Miss Wetherspoon smiled, “Of course you can, dear. After all, I’d have
had to have bought some more tomorrow anyway.”
It suddenly occurred to Alison that Miss Wetherspoon might not be very well off. Perhaps she had been worried about having to buy more food for Jessica.
She refilled the cat’s bowl and set it back down on the floor. Jessica gave her hand a lick of gratitude and then turned her attention to the meat.
“What a lovely little cat she is!” Alison exclaimed. “It seems such a shame to leave her all on her own like this.”
“I know,” Miss Wetherspoon said, with a small sigh. “But I have two very aggressive Siamese and I think she’d be even more unhappy at my place.”
“I could take her,” Alison said, rather too quickly, aware she sounded over eager. “Sorry, you don’t know me. I could be anyone.”
Miss Wetherspoon regarded her, head on one side, then smiled. “No, I’m sure you’re who you say you are, but I ought to check, I suppose. Do you know Jean Harris?”
“Of course I do. She’s Head of the English Department.”
“Well, we could go over to my place and have a cup of tea while I ring her and then we’ll come back and you can take Jessica home. You can leave your address and telephone number and I’ll leave a note for June. I must say it’ll be something of a relief. She’s such a sociable little thing. I don’t like leaving her alone for so long.”
Half an hour later Alison set off down the path to her car with Jessica in a cat carrier and holding a carrier bag filled with what remained of the food. In her handbag was a note with Miss Wetherspoon’s telephone number, that of the vet and that of Miss Blacker’s sister, Ruth.
Miss Wetherspoon followed on behind carrying Jessica’s bed and her toys.

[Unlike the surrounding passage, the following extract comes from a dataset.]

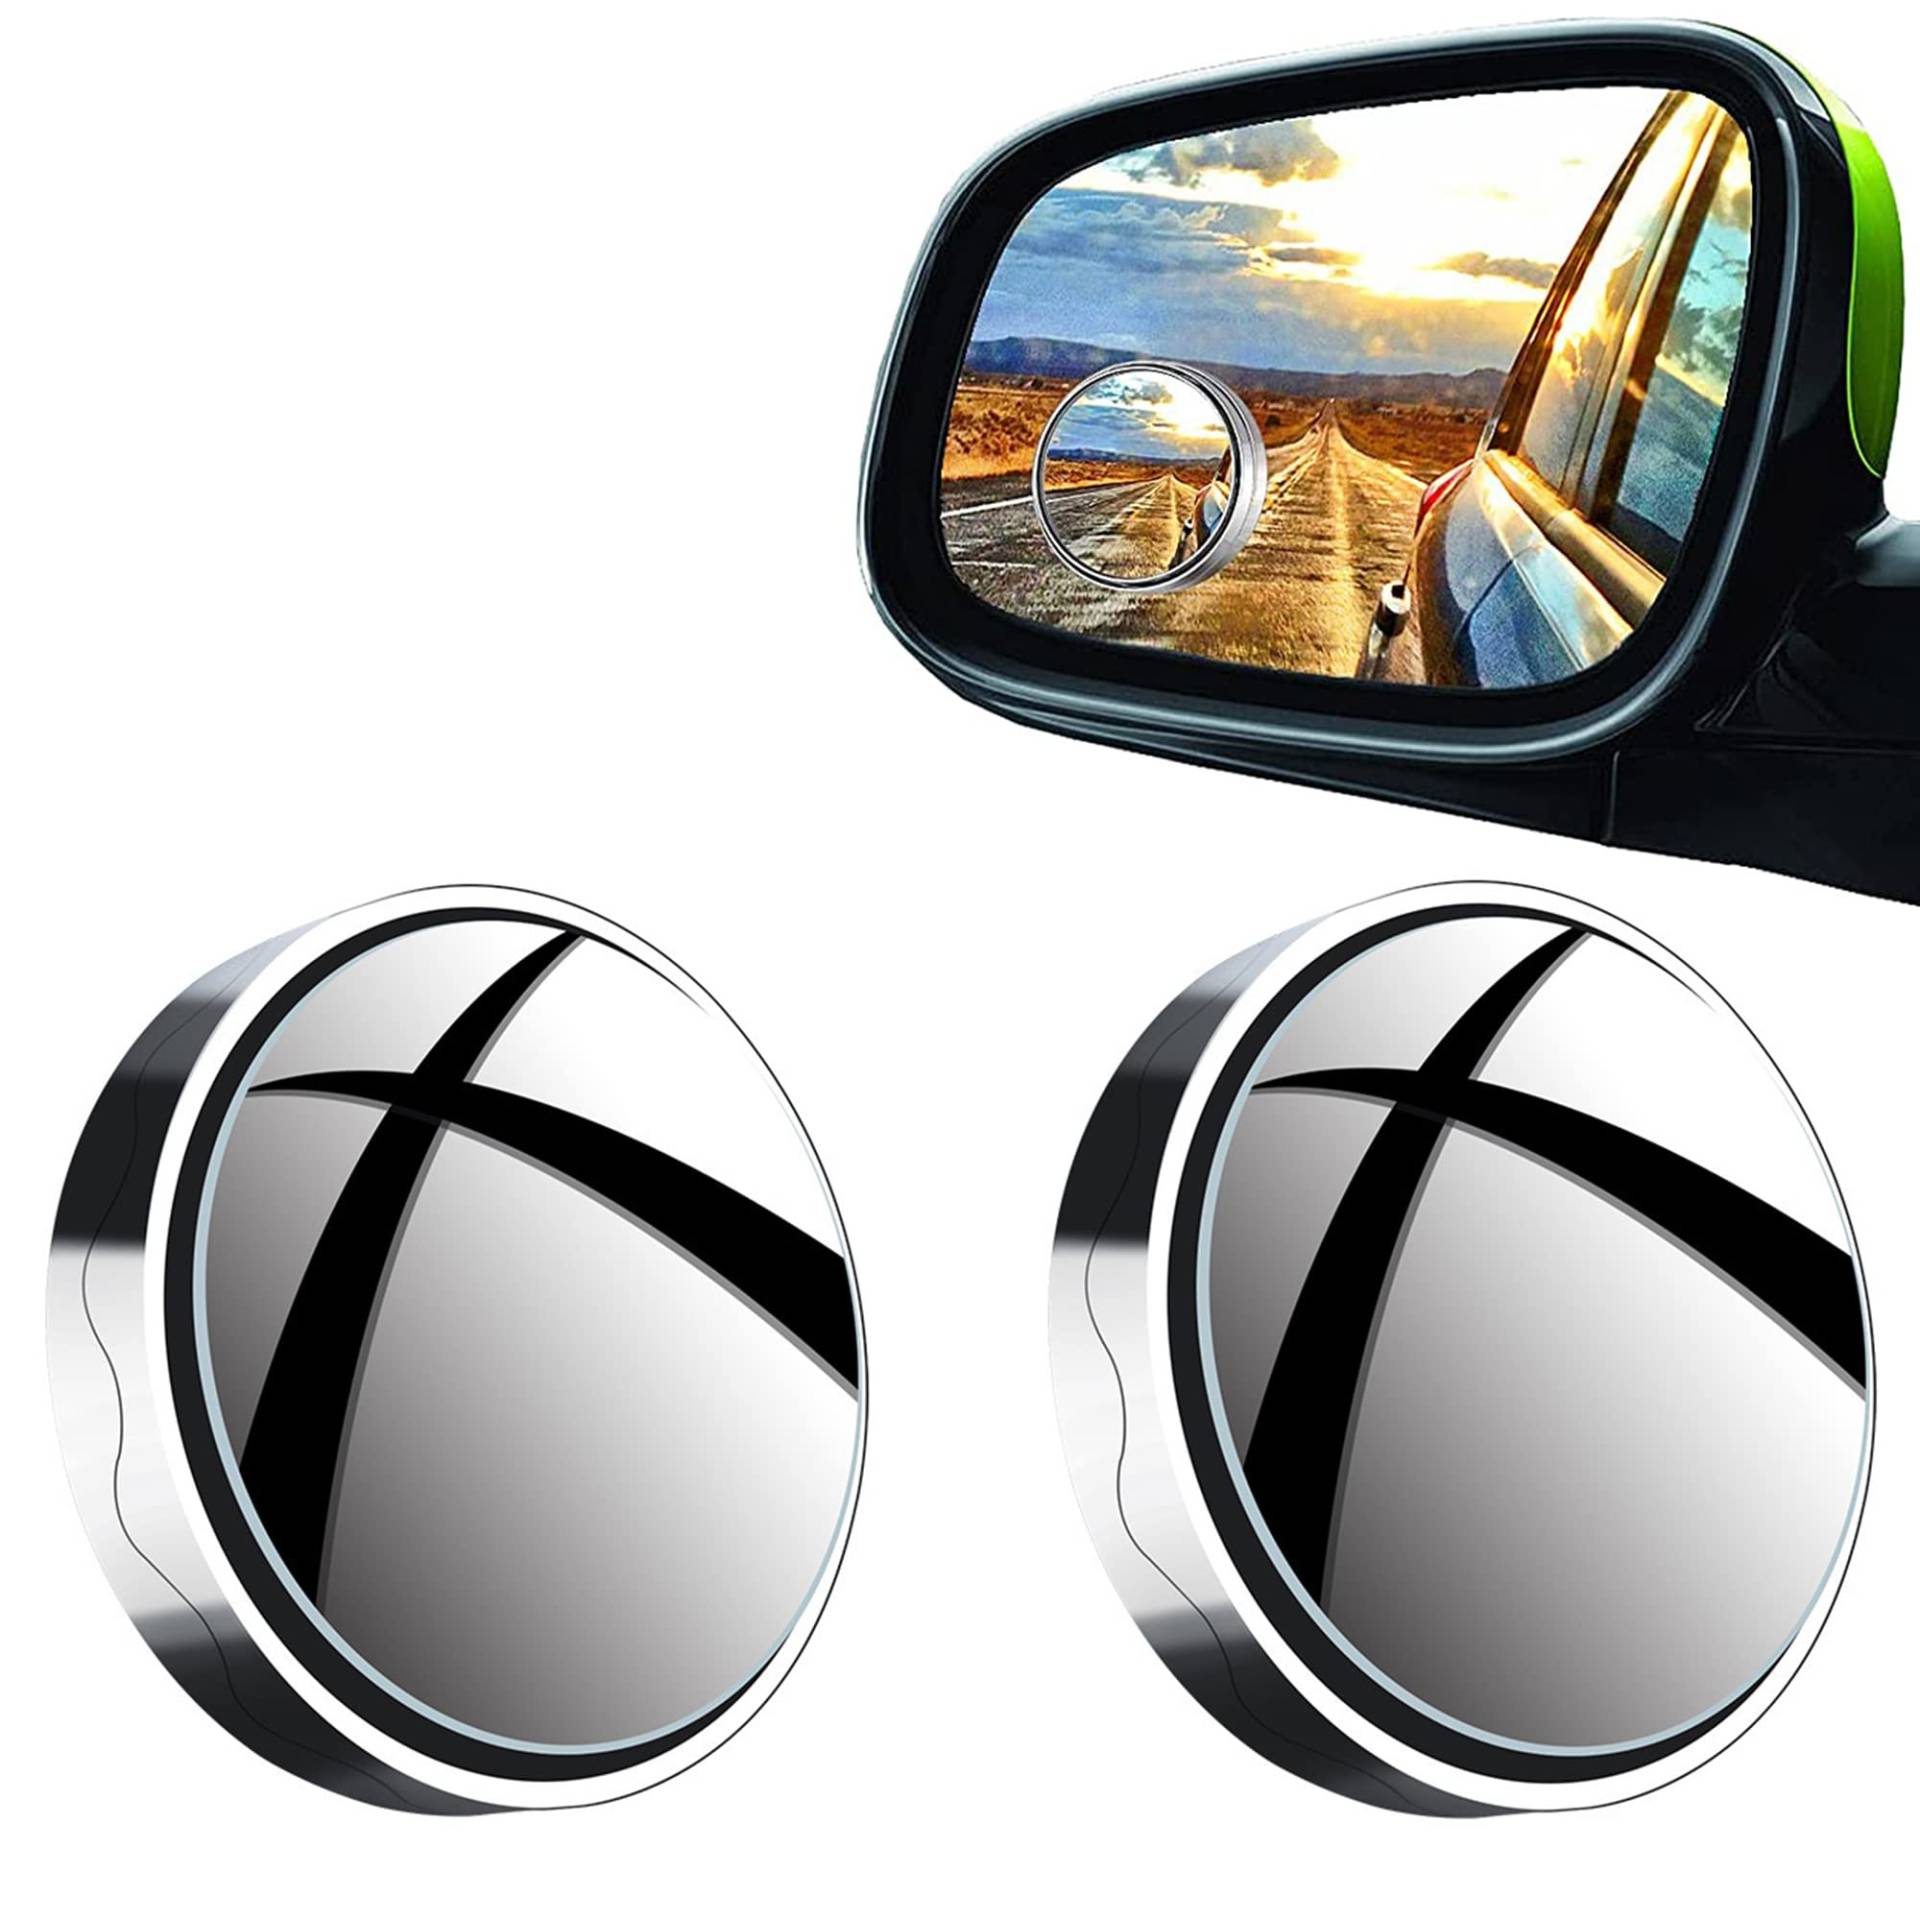 360 Degree Adjustable Wide Angle Side Mirrors Toter Winkel Spiegel Universal Blind Spot Rear View Mirror Auto Blind Spot Spiegel für Autos, LKWs, SUVs, Verkehrssicherheit – 2 Stück von ALUYF

“By the way,” she said, sticking her head through the window just before Alison set off. “I’ve just had a thought. Patsy will know.” Alison frowned. Patsy? Yes, of course, the niece.
“Sorry.” She shook her head. “Patsy will know what?”
“She’ll know exactly where June went and when she was due back. She’s like a daughter to her. More so than to her own mother, I’d say.” She gave a loud sniff.
Alison brightened up. “Can you get in touch with her?”
“Easier for you than me, dear. She goes to Graystones,”
Of course she did. Miss Blacker had said so. In the juniors. In fact, she seemed to remember her saying she regularly looked after the child after school.
“I’ll find her. She’ll be in the juniors. You don’t happen to know her surname, do you?”
“Well, I only know her as Patsy. I imagine it’s short for Patricia. And her surname is – just a minute –.” She stood for a moment with her eyes closed. “Owen – like the war poet.”
“Thank you” Alison beamed at the old lady. “I’ll find out what I can and ring you tomorrow.”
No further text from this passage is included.